HIV Risk Taking Behaviours, Assertiveness and Personality Traits by HIV Infection (Table 2)
HIV+ve participants scored higher on the drug use sub-section of the HIV Risk Behaviour Scale than HIV−ve participants (1.41 vs. 0.30; t(114) = −3.015; P = 0.003), but not in the sexual behaviour sub-section (2.03 vs. 3.13; t(114) = 1.539; P = 0.127). HIV+ve participants reported greater assertiveness only with regards to contraception and STD prevention on the Sexual Assertiveness for Women Scale (17.63 vs. 14.58; t(114) = 3.894; P < 0.001). No differences were found in general assertiveness or in personality traits by HIV infection.
Factors Associated with HIV Infection (Table 3)
In stepwise multiple backward logistic regression, having ever injected with a used syringe (OR 14.06; 95% 2.57, 77.06), antisocial personality disorder (OR 9.47; 95% CI 1.34, 66.94), having ever had an HIV+ve sexual partner (OR 6.36; 95% CI 1.21, 33.40) and lifetime substance-induced major depressive disorder (OR 6.02; 95% CI 1.19, 30.46) remained significant in the model associated with HIV.
Phase 2
Thirty participants (15 HIV+ve) were interviewed in-depth. The mean age of HIV−ve patients was 39.57 years (SD 7.84) and 41.11 years (SD 5.58) for HIV+ve patients.
For the purpose of this paper, only psychiatric, behavioural, social and risk factors are considered.
Injecting Risk Behaviours
Limited access to clean equipment or out of desperation to stop withdrawal had resulted in sharing syringes (e.g. incarceration, homelessness). Many described injecting with and being injected by their male sexual partner. Often this was viewed more positively than sharing with others. Such relationships often resulted in potentially greater injecting risks for female partners “he (husband) did it first (injected) because he was selfish like that” (ID 52, 54 years, IDU, HIV−ve, substance-induced major depressive disorder, post-traumatic stress disorder).
Although participants did not frequently directly relate their injecting risk behaviours to their mood; a sense of fatalism was evident in risk taking behaviours.
“When I had a partner I shared, but I have only had three partners” (two of whom were HIV+ve)… we shared just the same… given we were using, we were killing ourselves anyway” (ID 132, 35 years, IDU, HIV+ve, substance-induced major depressive disorder, post-traumatic stress disorder, antisocial and borderline personality disorder).
Sexual Risk Behaviours
While participants’ discourses were often inconsistent, they believed they were more likely to have used condoms with casual than with stable partners, considering less HIV risk from stable partners. Reasons for non condom use with stable partners centred on love and intimacy.

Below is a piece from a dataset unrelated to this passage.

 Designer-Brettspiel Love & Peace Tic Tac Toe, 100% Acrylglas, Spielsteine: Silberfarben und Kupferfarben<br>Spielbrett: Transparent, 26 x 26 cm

Furthermore, several HIV+ve participants demonstrated a lack of assertiveness in choosing to protect themselves or their partner; believing their responsibility was limited to disclosing their HIV status.

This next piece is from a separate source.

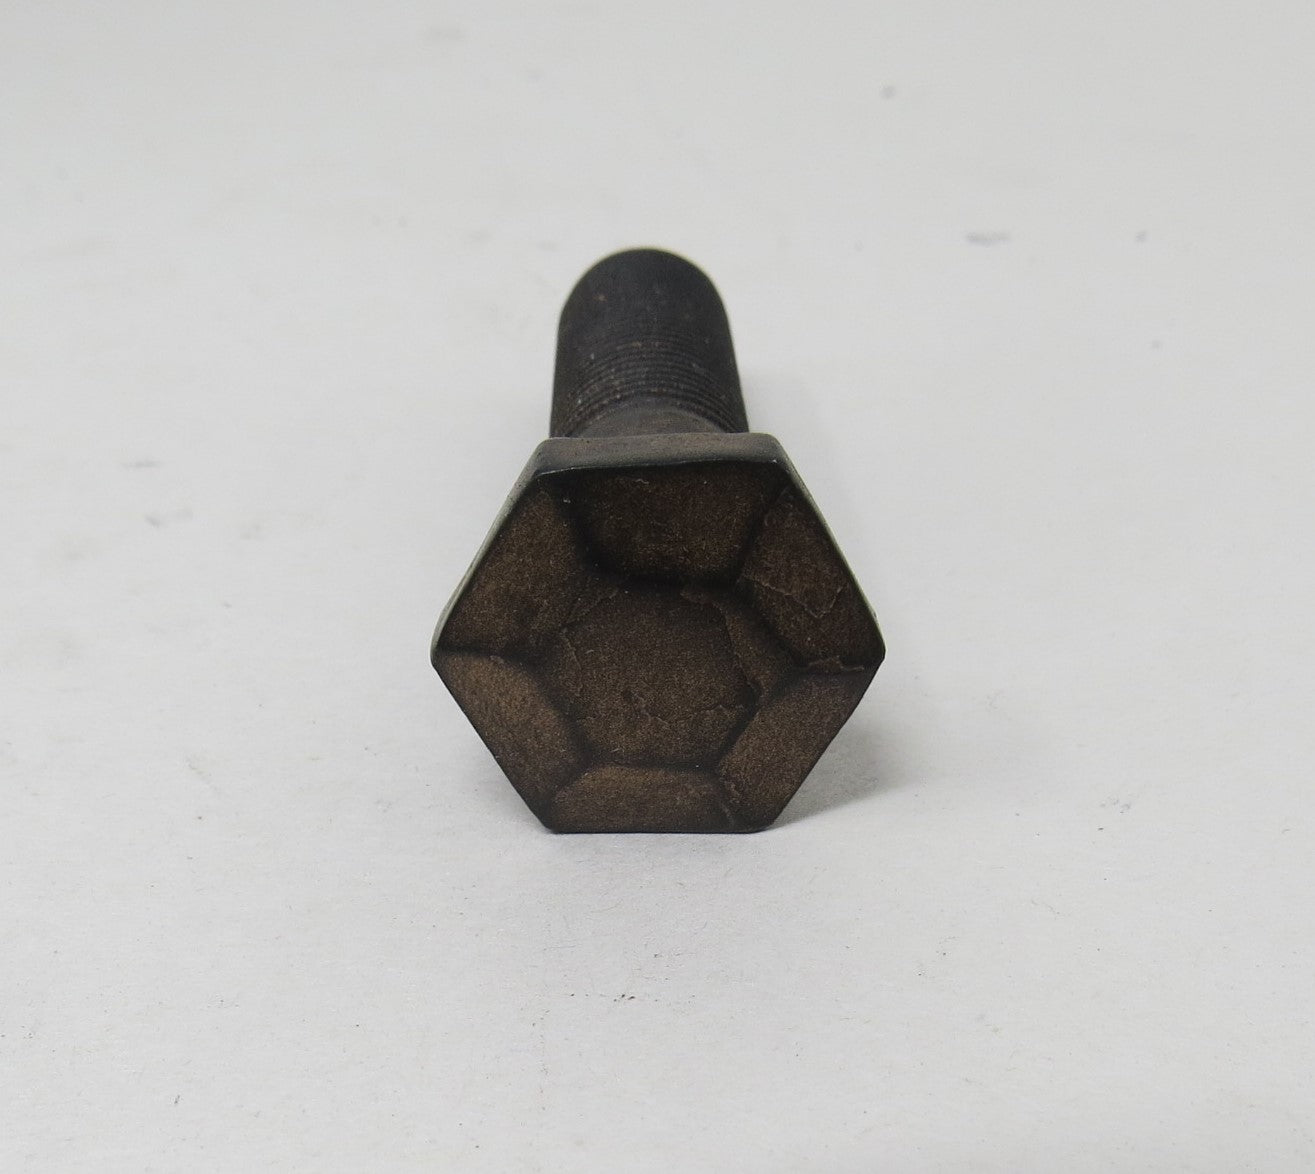 Tirafondo de cabeza hexagonal piramidal de 5/16" de diámetro

“if it is an occasional (partner) …definitely condom …I have had partners for five years, I told them (that I had HIV) but unfortunately I gave it to two guys but they knew… they told me they didn’t care… that they didn’t want to (use a condom) that if they have to die anyway that’s what they said to me… they didn’t care they knew… I’ll be happy to do it (without a condom), but always at least I try not to do it during my period… once they didn’t want to (use a condom) only a few times this has happened to me…I didn’t tell them (I was HIV+ve)…its that someone you don’t know and that you aren’t going to see again in your life and you’re not doing it when you’ve got your period because there is a much greater (HIV transmission) risk with blood…they’ll be ok…without a condom is when I have a stable partner. I try to use condoms (with occasional partners) but I don’t tell them I’ve got anything… otherwise there’s no sex…Can you say with your hand on your heart that you always use condoms? Nearly always … after telling him (that I’m HIV+ve) if he doesn’t want to I can’t make him put one on Why not? Because if they don’t want to, what do you want me to do? I can’t make him. But you continue to have sex or…Yes I carry on because they tell you, “no no I love you just as you are and I don’t care what you’ve got” (ID 21, 43 years, IDU, HIV+ve, substance-induced major depressive disorder, post-traumatic stress disorder, borderline personality disorder).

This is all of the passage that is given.